Os povos Indígenas, o Povo Negro, favelados, os pobres de maneira geral, vivem uma situação de “diáspora no país. Diáspora que é um termo grego “diasporá”, com o significado de “dispersão de povos”. Vivendo em seus territórios há milhares de anos, os indígenas sentem-se ameaçados diante da volúpia assassina, criminosa e gananciosa de latifundiários, madeireiros, agropecuaristas, garimpeiros, dentro destes territórios, forçando os seus verdadeiros donos a viverem na diáspora. Tal situação levou um dos nossos maiores antropólogos a assim afirmar: “O Brasil, último país a acabar com a escravidão tem um perversidade intrínseca na sua herança, que torna a nossa classe dominante enferma de desigualdade, de descaso”. (Darcy Ribeiro)
Descaso que não pode acontecer com aqueles e aquelas que seguem na pista do Ressuscitado. Jesus não somente anunciou o Projeto de Deus entre nós como também testemunhou pelos seus atos a presença viva de Deus em si. Acreditar no testemunho de Jesus é testemunhar. Pela fé e adesão à pessoa do Ressuscitado, damos continuidade às mesmas ações desenvolvidas por Jesus. Como o Evangelho de hoje mesmo diz: “Aquele que vem do céu está acima de todos. Dá testemunho daquilo que viu e ouviu. Quem aceita o seu testemunho atesta que Deus é verdadeiro”. (Jo 3,31-33) Quem acredita nesta verdade e procura vivê-la, dá testemunho dela e vive em comunhão com o próprio Deus.

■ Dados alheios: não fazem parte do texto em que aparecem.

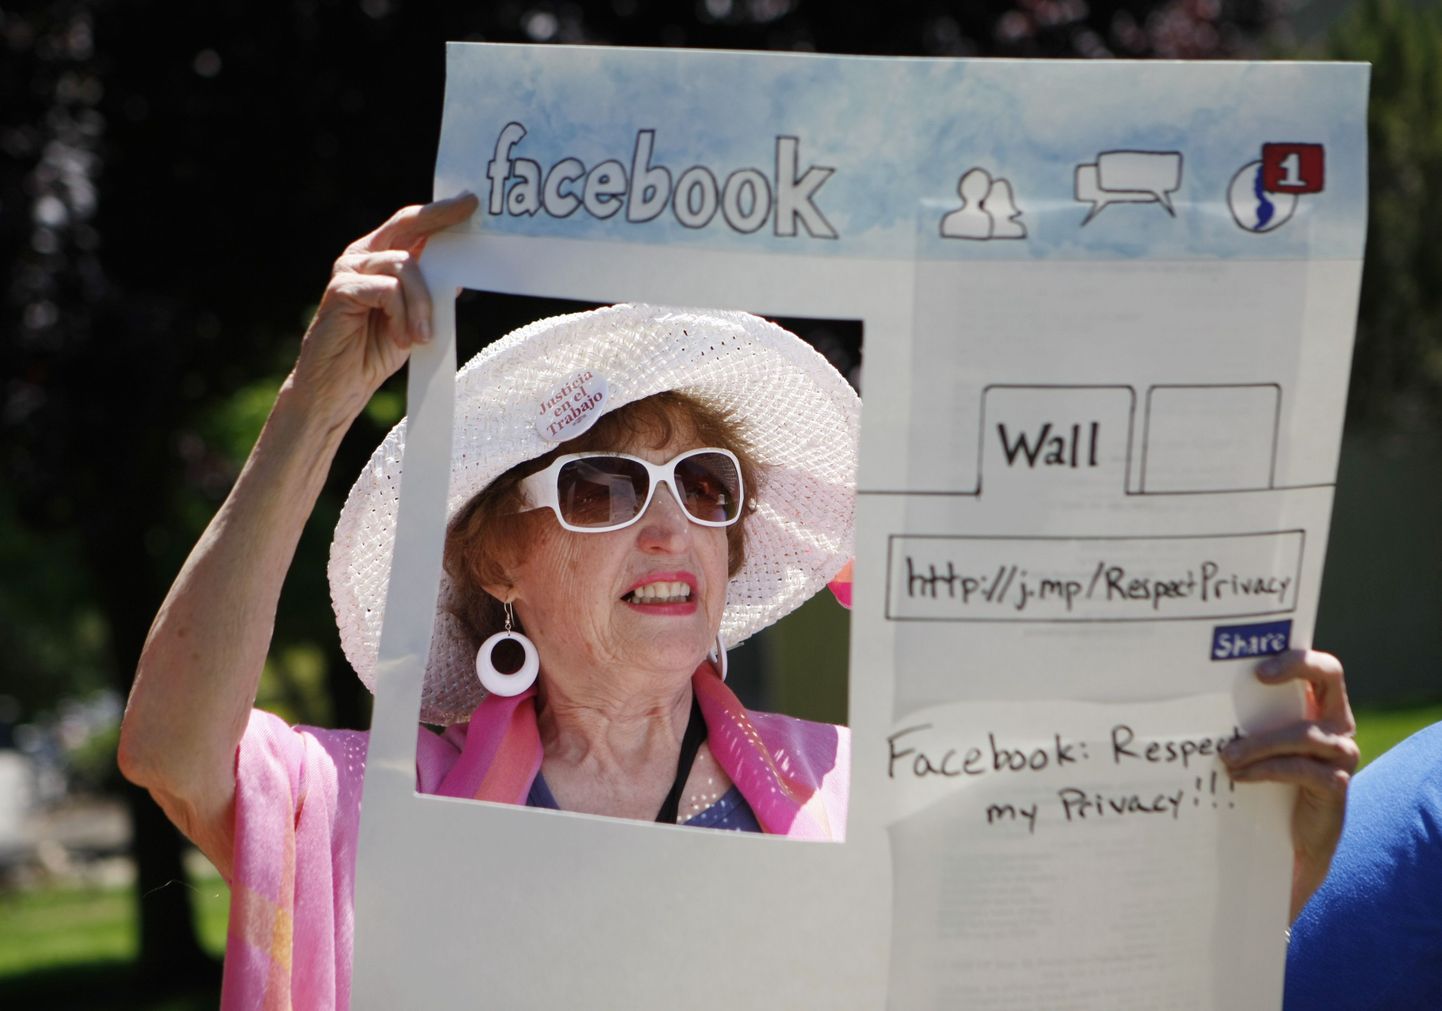 Gail Sredanovic, of Raging Grannies, protests Facebook's privacy issues, Friday, June 4, 2010, outside Facebook headquarters in Palo Alto, Calif. (AP Photo/Paul Sakuma) / SCANPIX Code: 436

Não basta conhecer, ter fé e acreditar em Jesus: “Nem todo aquele que me diz ‘Senhor, Senhor’, entrará no Reino do Céu. Só entrará aquele que põe em prática a vontade do meu Pai, que está no céu. (Mt 7,21) É necessário estar disposto e disposta a dar testemunho d’Ele diante deste mundo. Acreditar é testemunhar. Testemunho não com palavras apenas, ou com a recitação de versículos da Bíblia, mas com a própria vida, deixando se tocar pela Palavra de Jesus e ser um com Ele. Quem não aceita o testemunho de Jesus, acaba servindo a outros interesses e perdendo a chance de estar em sintonia com o Projeto de Deus.
Francisco Carlos Machado Alves conhecido como Chico Machado, foi da Congregação do Santíssimo Redentor, os Redentorista, da província de São Paulo. Reside em São Felix do Araguaia no Mato Grosso e é agente de Pastoral na Prelazia de São Felix desde 1992. Sua atividade pastoral é junto aos povos indígenas da região: Xavante, Kayabi, Karajá, dentre outros. Mestre em Educação atua na formação continuada de professores Indígenas, nas escolas das respectivas aldeias.